Iraqi war logs: US ignored prisoner abuse while Iran helped insurgents

391,832 documents posted online and leaked to various news agencies by WikiLeaks tell the truth of the Iraqi occupation.

IN THE LARGEST classified military leak in history, a barrage of almost 400,000 classified documents on the United States-led war in Iraq have been posted online by whistleblowing website WikiLeaks.

The documents – intended for publication at 10pm last night, though they were published shortly before that after al-Jazeera broke its embargo – confirm that Iran had been offering support and training to anti-US insurgency groups across Iraq, and that the United States had been all but dismissing hundreds of reports of prisoner abuse.

WikiLeaks said the documents “detail 109,032 deaths in Iraq, comprised of 66,081 ‘civilians’; 23,984 ‘enemy’ (those labeled as insurgents); 15,196 ‘host nation’ (Iraqi government forces) and 3,771 ‘friendly’ (coalition forces).

“The majority of the deaths (66,000, over 60%) of these are civilian deaths. That is 31 civilians dying every day during the six year period.

“For comparison, the ‘Afghan War Diaries’, previously released by WikiLeaks, covering the same period, detail the deaths of some 20,000 people. Iraq during the same period, was five times as lethal with equivallent population size.”

They also showed that in cases where the coalition-supported Iraqi authorities had been accused of excessive hardship and abuse, the coalition evidently pursued a policy of shrugging off the complaint and referring it back the body accused in the first place.

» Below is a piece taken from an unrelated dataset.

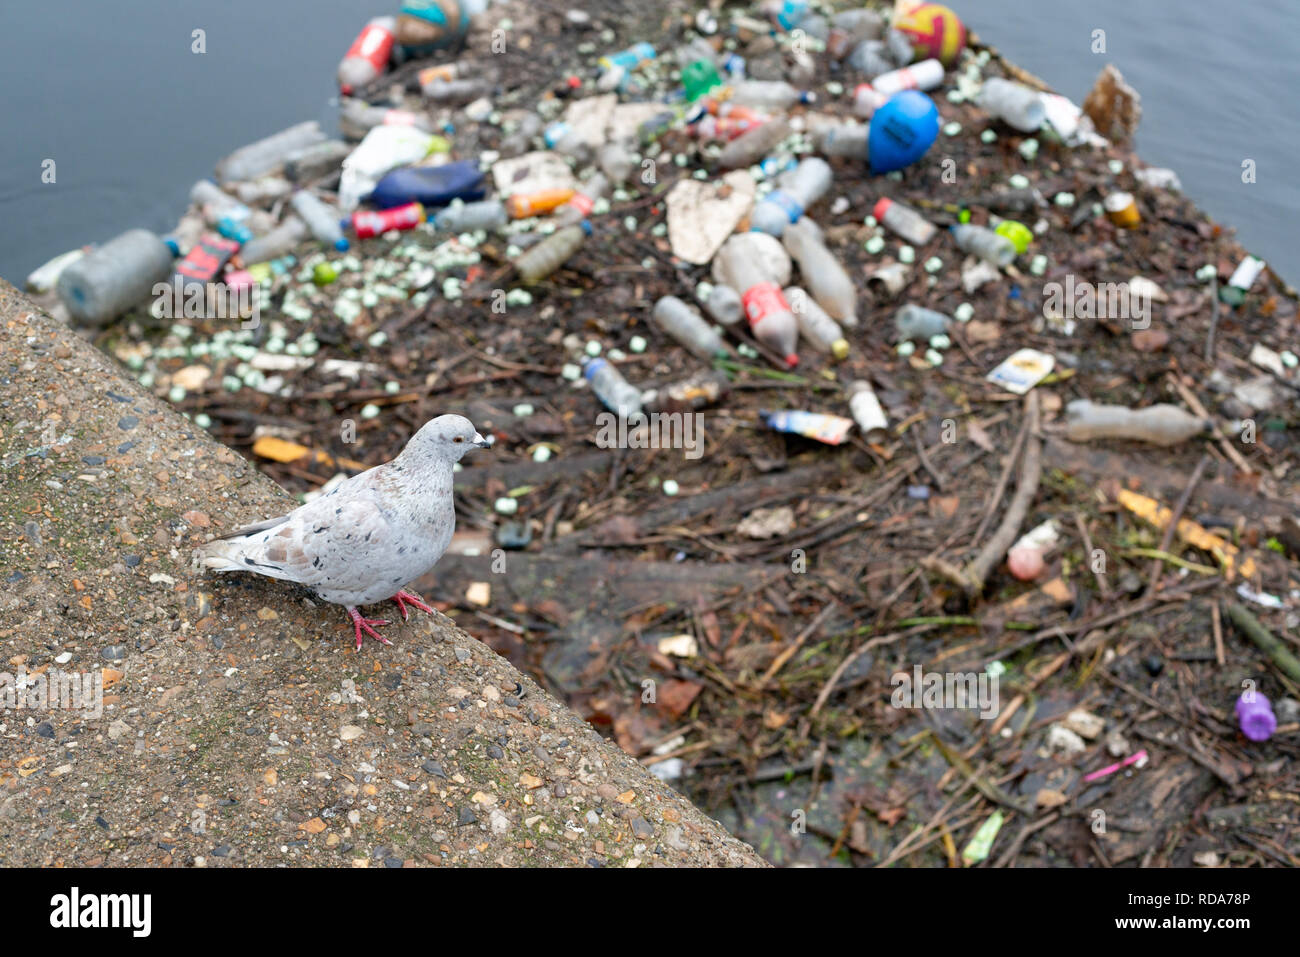 Discarded rubbish found along the River Lea in London, UK Stock Photo

The Guardian – one of a number of media outlets given advance access to the documents – reported that in two cases, postmortems on Iraqi prisoners showed evidence of death by torture: one man, who police said had killed himself, had had “bruises and burns as well as visible injuries to the head, arm, torso, legs and neck“.

Another man was found to have “evidence of some type of unknown surgical procedure on [his] abdomen”. In his case, police said he had died of ‘bad kidneys’.

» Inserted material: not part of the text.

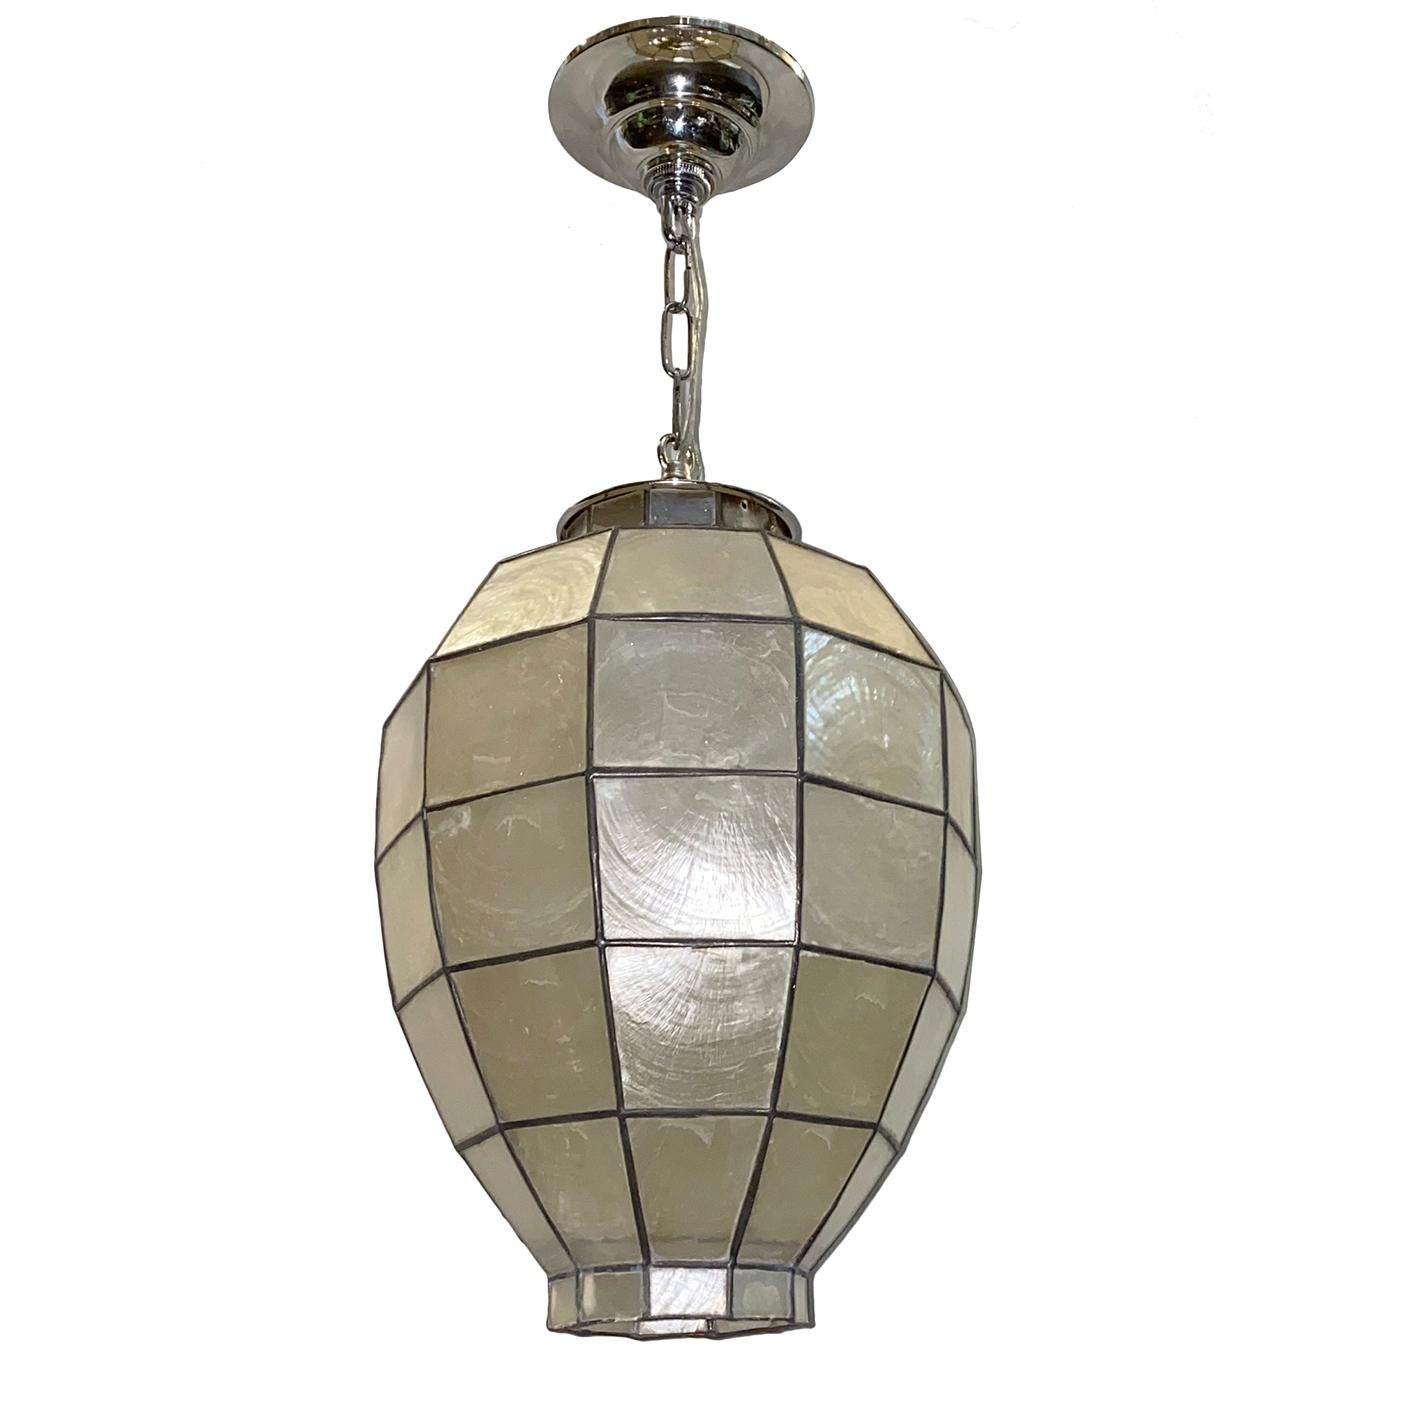 Plated French Midcentury Capiz Lantern For Sale

The New York Times, which was also given early access, focusses on the role of Iran and the Lebanese militant group Hezbollah in the training and support of insurgent fighters, with one leading Shiite militant trained by both the Islamic Revolutionary Guards and Hezbollah before being involved in the abduction of four American soldiers.

It also reports that many of the senior candidates running in Iraq’s parliamentary elections in 2005 were actually militiamen backed by Iran, in an attempt to give the more stable and fundamentalist Islamic neighbour a greater sway in the running of the post-Saddam Iraq.

US Secretary of State Hillary Clinton said the United States would “condemn, in the most clear terms, the disclosure of any classified information by individuals and organisations which puts the lives of United States and partner service members and civilians at risk.”

The Iraqi government has told French news agency AFP that the documents revealed “no surprises”.